Выбрать главу

В одном и том же месте, на одной и той же рыночной площади, на одной и той же улице, в обстановке растущей напряженности и усиления враждебности вставали друг против друга две власти, две Польши. Каждая располагала вооруженной силой. Вооруженная сила «лондонского» правительства — отряды Армии Крайовой, еще разгоряченные последней схваткой с немцами, еще полные воли к борьбе и гордые боевыми успехами, приступали к реализации функций, предусмотренных планом «Буря», — к демонстрации законности и реальной силы «лондонского» правительства на польской земле. К демонстрации перед теми, кто еще в сегодняшнем сражении с захватчиками были товарищами по оружию, — перед Советской Армией.

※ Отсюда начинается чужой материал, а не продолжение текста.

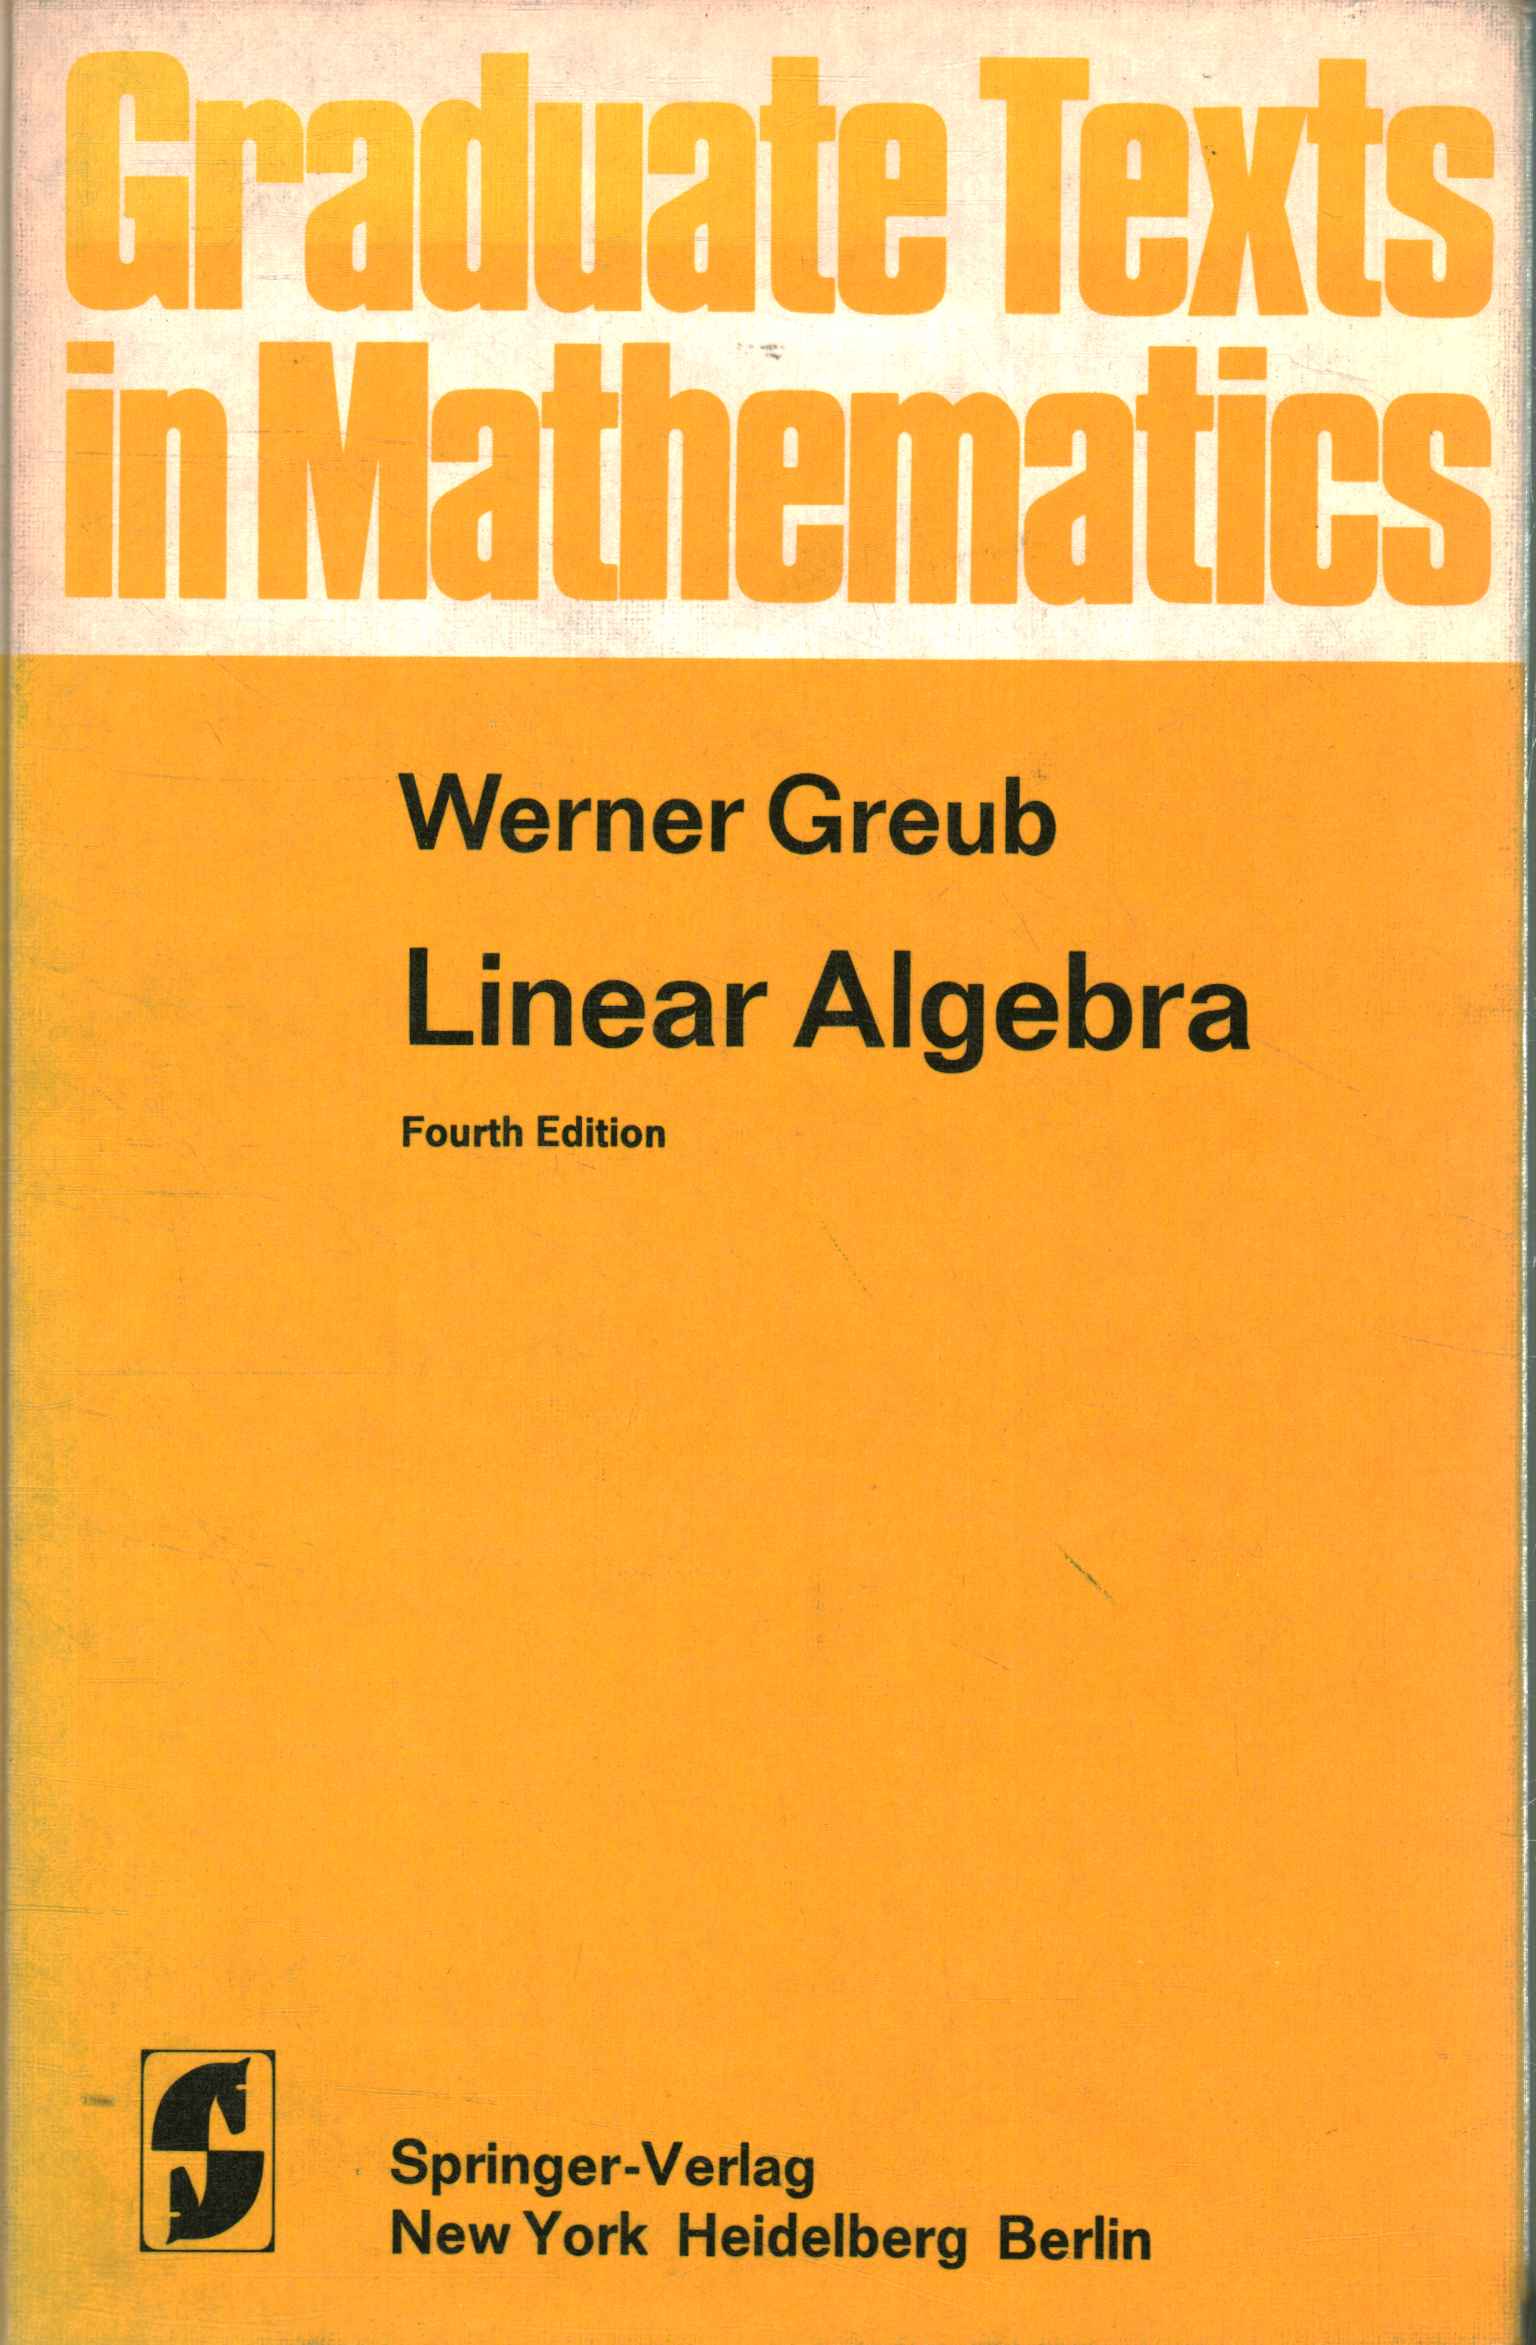 Álgebra lineal

Однако, чтобы продемонстрировать свою власть, ее надо было взять. А власть не лежала на улице, как предполагалось на основе наиболее близкого польского опыта — опыта 1918 года. Другая власть, народная, в активных боевых группах левых сил в деревнях и городах укоренялась раньше, чем бежавшие немцы освобождали ратушу. Чаще всего власть уже существовала. Следовательно, чтобы добиться цели, надо было свергнуть эту власть и не просто установить свою власть, но и навязать ее. Навязать вооруженному народу.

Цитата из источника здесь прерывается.